“It’s easy to make the mob weep,” he answered with a sneer. “What fools they are! As if there was anything in that sort of slush.”
Emily was simply listening, was not even looking comment.
“I don’t suppose that anybody ever unselfishly cared for anybody else since the world began,” he went on. “It’s always vanity and self-interest. The difference between the mob and the intelligent few is that the mob is hypocritical and timid, while intelligent people frankly reach out for what they want.”
“Your scheme of life has at least the merit of directness,” said Emily, turning away to go to her desk.
On the plea that he wished to discuss work with her he practically compelled her to dine with him two or three times a week. While his lips were busy with adroit praises of her ability his eyes were appealing to her vanity as a woman—and he was not so unskilful at that mode of attack as he had seemed at first. He exploited her articles in the Sunday magazine, touching them up himself and—as she could not but see—greatly improving them. He asked Stilson to raise her salary, and it was done.
She did not discourage him. She was passive, maintaining her business-like manner. But after leaving him she always had a feeling of depression and self-disapproval. She liked the display of her work, she liked the sense of professional importance which he gave her, she did not dislike his flatteries. She tried to force herself to look at the truth, to see that all he said and did arose from the basest of motives, unredeemed by a single trace of an adornment of sentiment. But, though she pretended to herself that she understood him perfectly, her vanity was insidiously aiding her strong sense of the politic to draw her on. “What can I do?” she pleaded to herself. “I must earn my living. I must assume, as long as I possibly can, that everything is all right.”

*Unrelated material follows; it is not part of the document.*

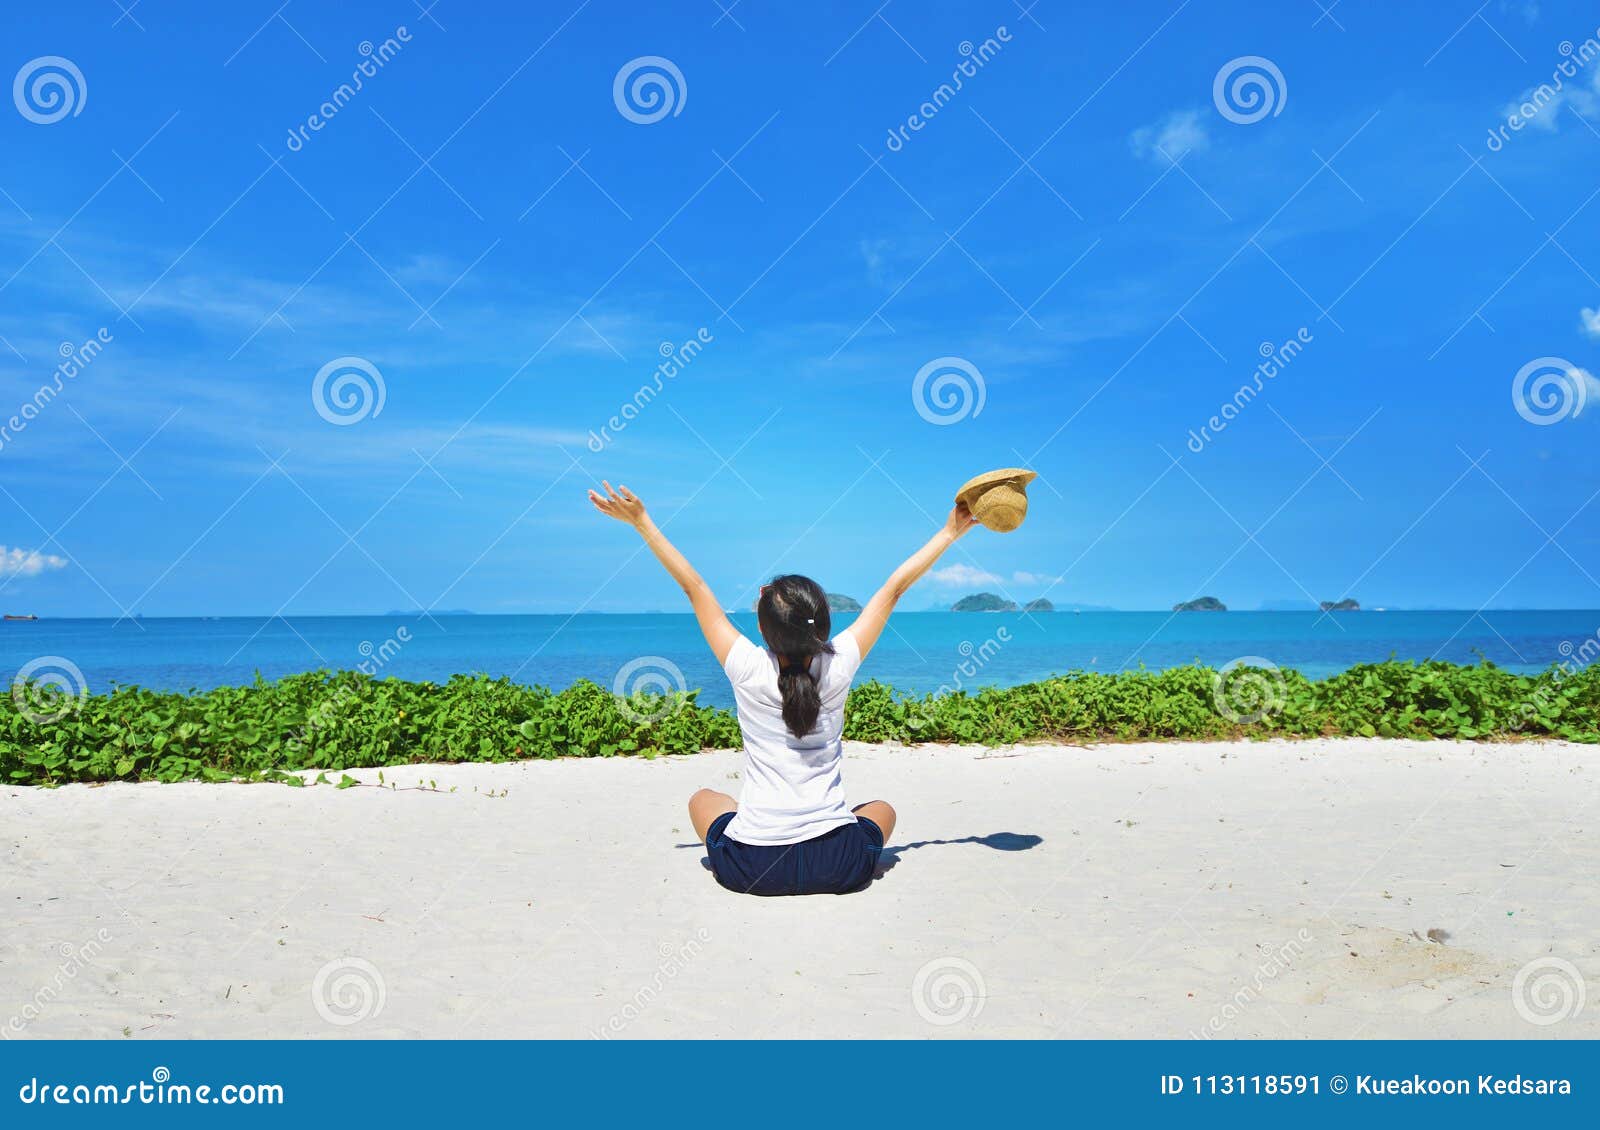 happy woman sitting enjoy life on beach

While she was thus drifting, helpless to act and desperately trying to hope that a crisis was not coming, she met Stilson one morning in the entrance-hall of the Democrat Building. As always, his sombre expression lighted and he stopped her.

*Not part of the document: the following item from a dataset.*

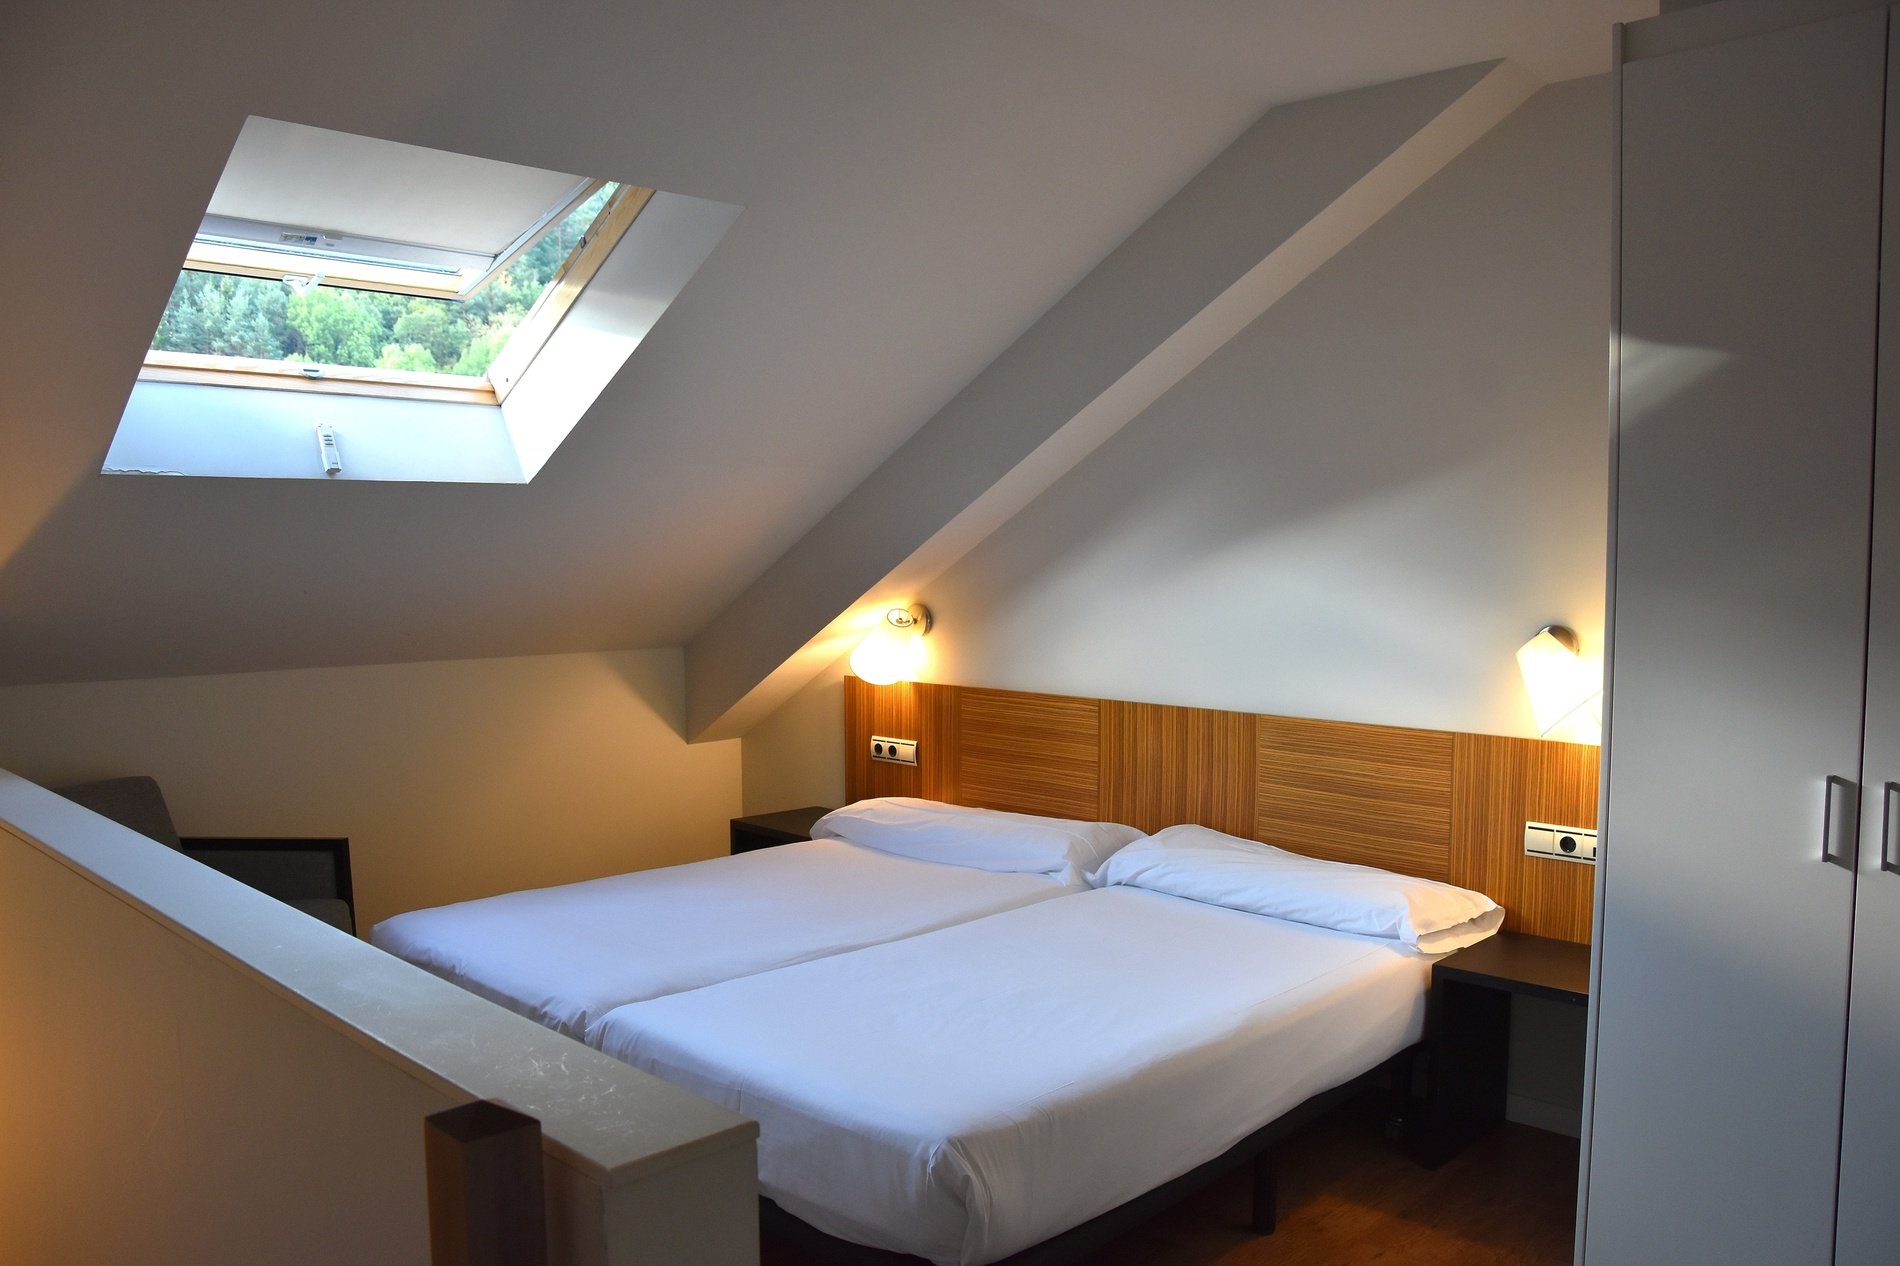 una habitación con dos camas y una ventana en el techo

“How are you getting on with Gammell?” he asked, in his voice that exactly suited the resolute set of his jaw and the aggressive forward thrust of his well-shaped head.
At Gammell’s name she became embarrassed, almost ashamed. No one knew better than she what a powerful effect Stilson had upon sensitive people in making them guiltily self-conscious if there was reason for it. She could not help dropping her eyes, and her confusion was not decreased by the fear that he would misconstrue her manner into a confession worse than the truth. But she was showing less of her mind than she thought.
“Oh—splendidly,” she replied. “I like him much better than at first. He makes us work and that has been well for me.”